Taiwan’s Defense Minister, Chiu Kuo-cheng, has responded to US Congressman Seth Moulton’s proposal, stating that the Taiwanese armed forces would not stand for the destruction of any of their facilities.
Congressman Moulton recently suggested that the US should warn China by threatening to target Taiwan Semiconductor Manufacturing Co. (TSMC) if China were to attack Taiwan.
During a conference hosted by the Milken Institute, a California-based think tank, US Congressman Seth Moulton was asked about the potential deterrent impact of US chip policy on China.
In response, Moulton suggested that the US should explicitly warn China that targeting Taiwan could destroy Taiwan Semiconductor Manufacturing Co. (TSMC).

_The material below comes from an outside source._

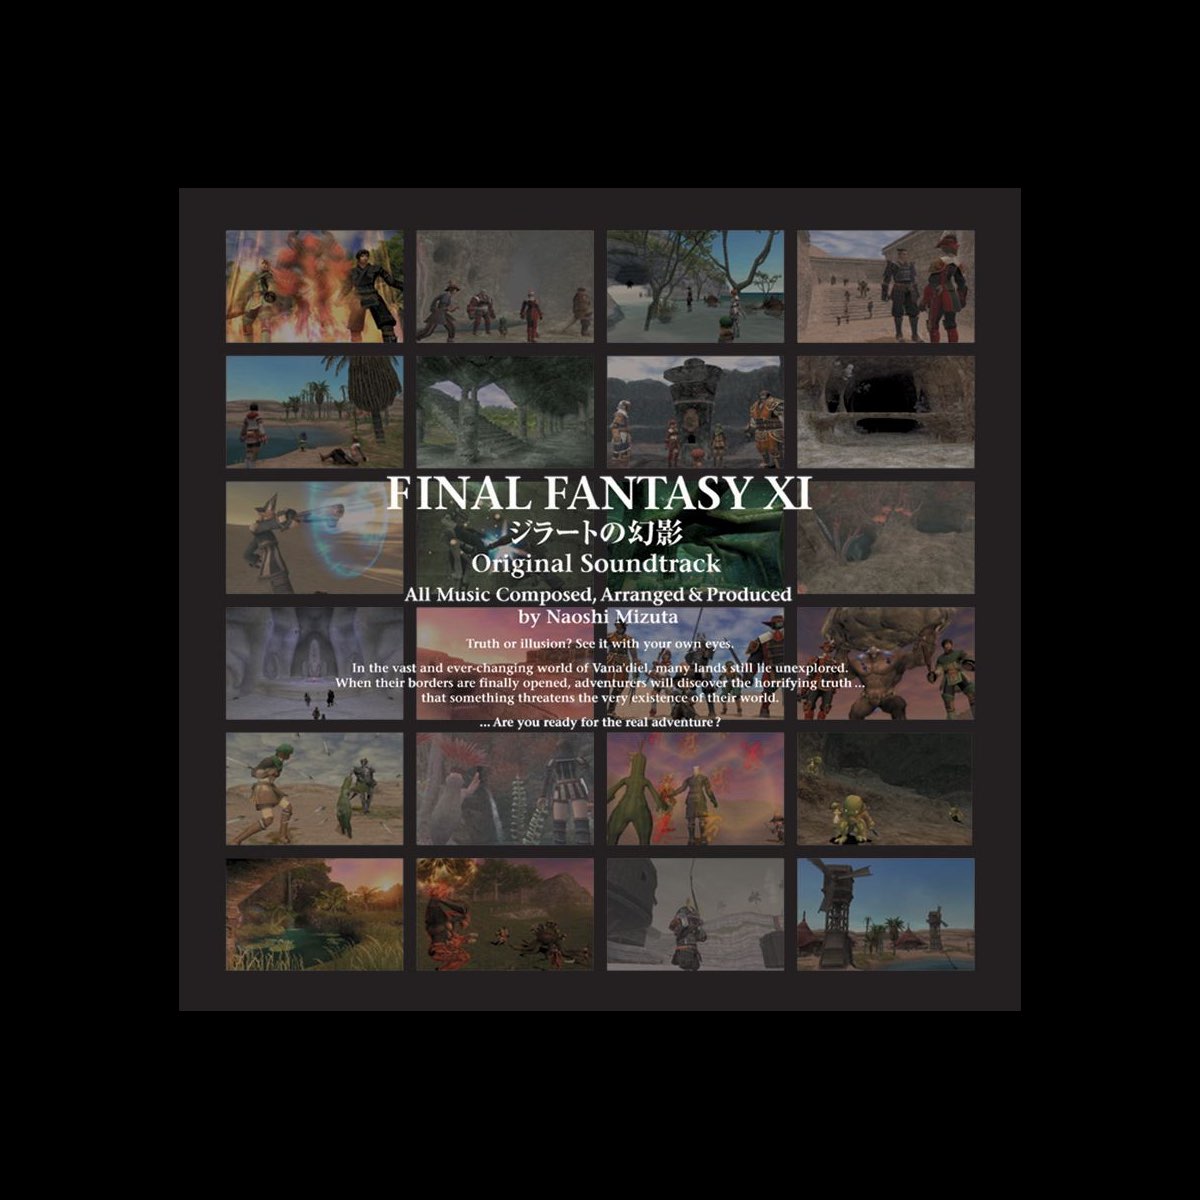 FINAL FANTASY XI Original Soundtrack PRE

“The US should make it very clear to the Chinese that if you invade Taiwan, we’re going to blow up TSMC,” he said.
The statement made by US Congressman Seth Moulton was promptly challenged by Michele Flournoy, a defense policy advisor, and former government official.

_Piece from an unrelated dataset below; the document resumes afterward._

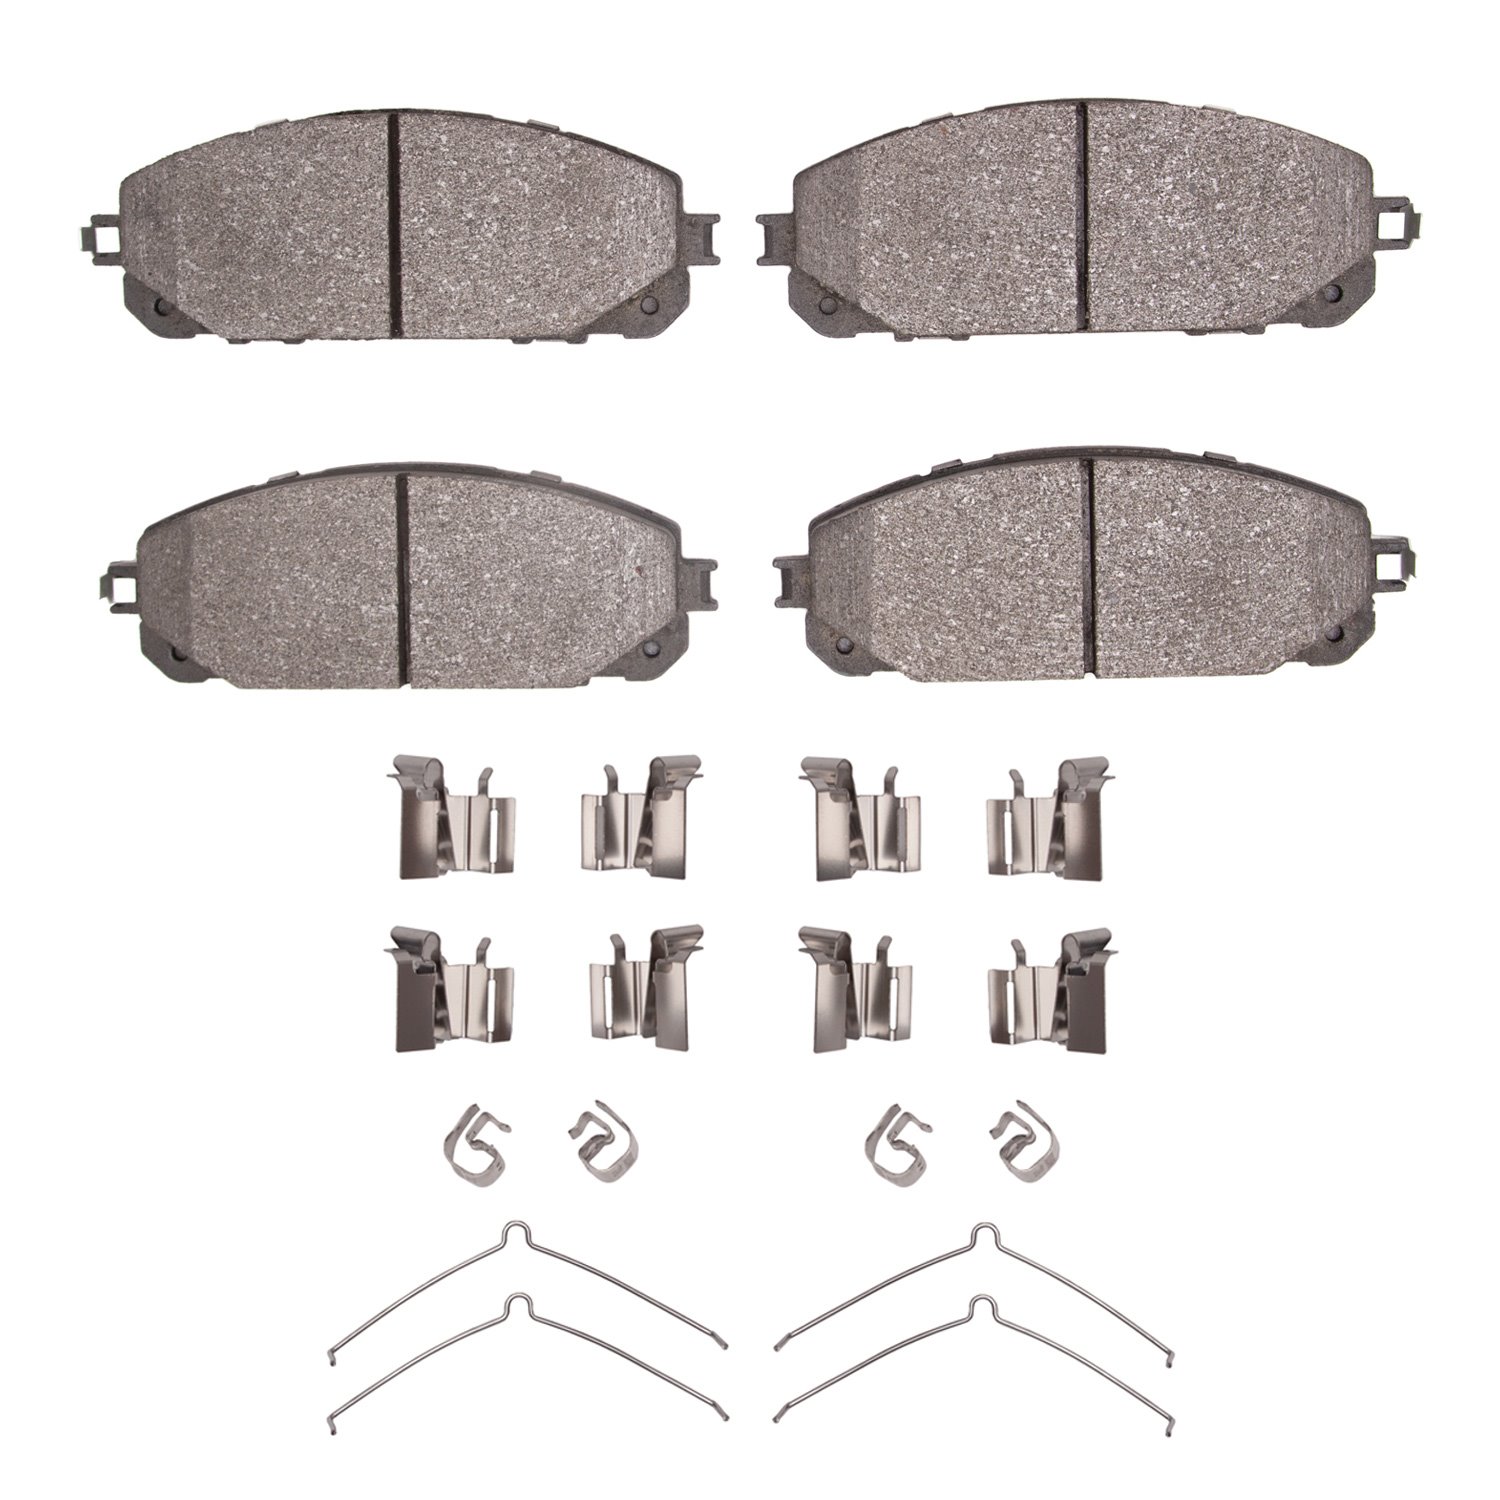 1600-1843-01 5000 Euro Ceramic Brake Pads & Hardware Kit, Fits Select Mopar, Position: Front

Flournoy highlighted the potential repercussions of destroying TSMC, stating that such an act would result in a significant economic impact of two trillion dollars within the first year and would bring global manufacturing to a halt.
In response to a query from the media before a Legislative Yuan session on May 8, Chiu Kuo-cheng was asked to share his thoughts on Seth Moulton’s statement, reported Liberty Times.
Chiu expressed that anyone advocating for the bombing of any facility in Taiwan, regardless of whether it serves defensive purposes, would violate defense norms.
Chiu Kuo-cheng reiterated that Taiwan’s armed forces safeguard the nation, its citizens, and its resources, materials, and strategic assets.
He emphasized that the armed forces would not tolerate any attempt to destroy such facilities, whether intentional or not.
Escalating tensions in the Taiwan Strait have sparked concerns about the potential for a Chinese annexation of the island.
The situation intensified further when Beijing conducted large-scale military drills in response to House Speaker Nancy Pelosi’s visit to Taipei in August 2022.
Beijing has made clear its determination to bring democratic Taiwan under its control, even resorting to force if deemed necessary.
The developments have heightened the sense of urgency surrounding the security of Taiwan and its ongoing struggle to maintain its autonomy.
The United States has been increasingly concerned about Beijing’s potential attempts to acquire Taiwan’s vital chip technology.
There have been suggestions by some former US officials to take extreme measures, such as warning China that TSMC facilities would be destroyed if the island was occupied, as a means of deterrence and preventing Beijing from acquiring Taiwan’s crucial chip production plants.
However, Taiwanese officials have been dismissive of such ideas, and currently, there are no plans to consider such tactics.
For instance, Taiwan’s security chief has allayed these concerns by assuring that Taiwan’s semiconductor industry, which serves as a flagship sector, would not be targeted for destruction in the event of a Chinese invasion.
Meanwhile, in response to American concerns, Taiwan has committed to collaborating with the United States and its allies to prevent China’s military from acquiring advanced chip technologies.
Several countries have actively courted Taiwan Semiconductor Manufacturing Co. (TSMC) to expand its operations within their countries. TSMC, in turn, has made significant investments, amounting to billions of dollars, in establishing a chip fabrication plant in Arizona, USA.
According to the US National Security Council, the potential loss of Taiwan Semiconductor Manufacturing Co. (TSMC) in the event of a Chinese invasion of Taiwan is estimated to have a staggering impact on the global economy, exceeding US$1 trillion.
Experts have pointed out that TSMC represents a complete ecosystem that is highly unlikely to be relocated. Even if Beijing were to occupy TSMC, it would be virtually impossible for them to maintain the chip production capabilities of the company.
TSMC is the leading global contract chip maker with advanced technologies crucial for providing consistent chip supplies worldwide. TSMC relies on state-of-the-art facilities to produce these chips.
Chen Ming-tong, secretary general of Taiwan’s National Security Council, highlighted, “If in the event ASML [the Dutch multinational that provides key supplies to the Taiwanese firm] is unable to sell its lithography systems to TSMC, there is nothing TSMC can do.”
Nevertheless, if the Taiwanese chip sector takes a hit, its consequences on the world economy will be devastating.